Prints something like:

```
[25.748, 50.498, 75.236]
Average estimate for num_tanks = 99.98
```

This is per our intuition, 50.5 is the midpoint between 1 and 100 (which is the interval we're uniformly sampling), and 25.75 is the midpoint between 1 and 50.5, and 75.25 is the midpoint between 50.5 and 100. Another way to see that the "quantization" by using integers matters is to think of the trivial example or 3 tanks and all 3 are destroyed: in this case the 3 numbers will [1, 2, 3], and clearly 1 is the not the midpoint between 1 and 2.

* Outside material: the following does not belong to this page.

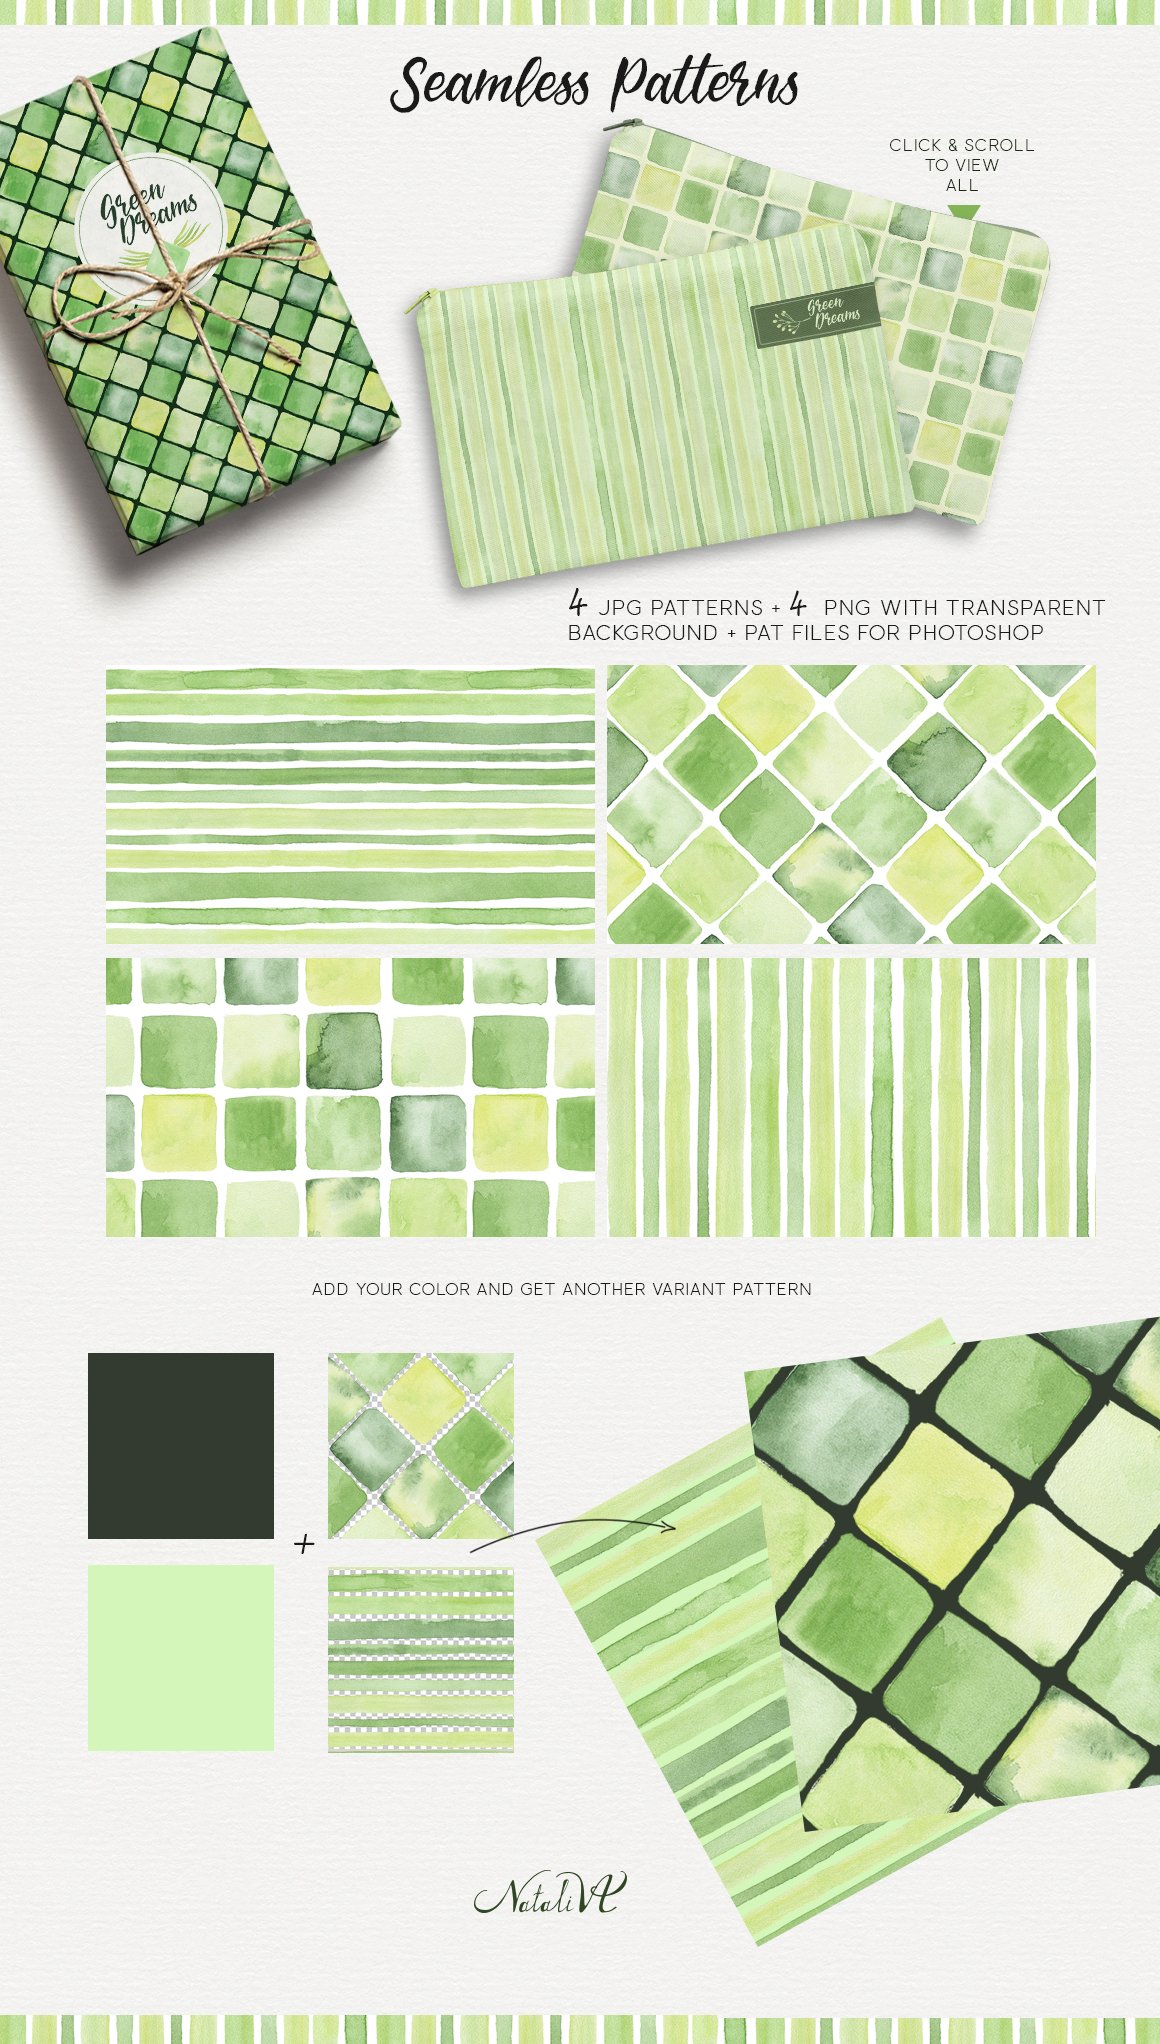 Green Dreams Watercolor Design Kit

In any case, the actual formula for the least variance estimate for the number of tanks is:

$N = M + M/k - 1$

where $M$ is the maximum destroyed tank serial number and $k$ is the number of destroyed tanks. In code:

```
num_tanks = 100
num_destroyed = 3
num_experiments = 100*1000
destroyed_tanks = []
for _ in range(num_experiments):
destroyed_tanks.append(sample(range(1, num_tanks+1), num_destroyed))
estimate = mean([max(s) + max(s)/len(s) - 1 for s in destroyed_tanks])
print('Average estimate for num_tanks = %.2f' % estimate)
```

Prints something like:

```
Average estimate for num_tanks = 100.01
```

Let's see how good this estimate is, and plot the standard deviation of for different $(N, k)$ combinations:

```
num_tanks = [100, 1000, 10*1000]
num_destroyed_ratio = [0.02, 0.05, 0.1, 0.2]
num_experiments = 10*1000
destroyed_tanks_dict = defaultdict(lambda: [])
for nt in num_tanks:
for num_destroyed in [int(r*nt) for r in num_destroyed_ratio]:
for _ in range(num_experiments):
destroyed_tanks_dict[(nt, num_destroyed)].append(sample(range(1, nt+1), num_destroyed))
stdvs_dict = defaultdict(lambda: [])
for (nt, num_destroyed), destroyed_tanks in destroyed_tanks_dict.items():
s = stdev([max(s) + max(s)/len(s) - 1 for s in destroyed_tanks])
stdvs_dict[nt].append((num_destroyed, s))
plt.figure(figsize=(10,5))
plt.xlabel('k as a ratio of N')
plt.ylabel('stdev as ratio of N')
legends = []
for nt, stdvs in stdvs_dict.items():
plt.plot([x[0]/nt for x in stdvs], [x[1]/nt for x in stdvs], marker='o')
legends.append(f'N = {nt}')
plt.legend(legends)
plt.ylim((0, 0.5))
plt.show()
```

Shows:

This shows that even at $N=1000$, if you are able to observe about 10% of serial numbers, you can expect to make a very good estimate, you will essentially be on target to within a few % when estimating $N$!

## Conclusion

From the Wikipedia article:

According to conventional Allied intelligence estimates, the Germans were producing around 1,400 tanks a month between June 1940 and September 1942. Applying the formula below to the serial numbers of captured tanks, the number was calculated to be 246 a month. After the war, captured German production figures from the ministry of Albert Speer showed the actual number to be 245.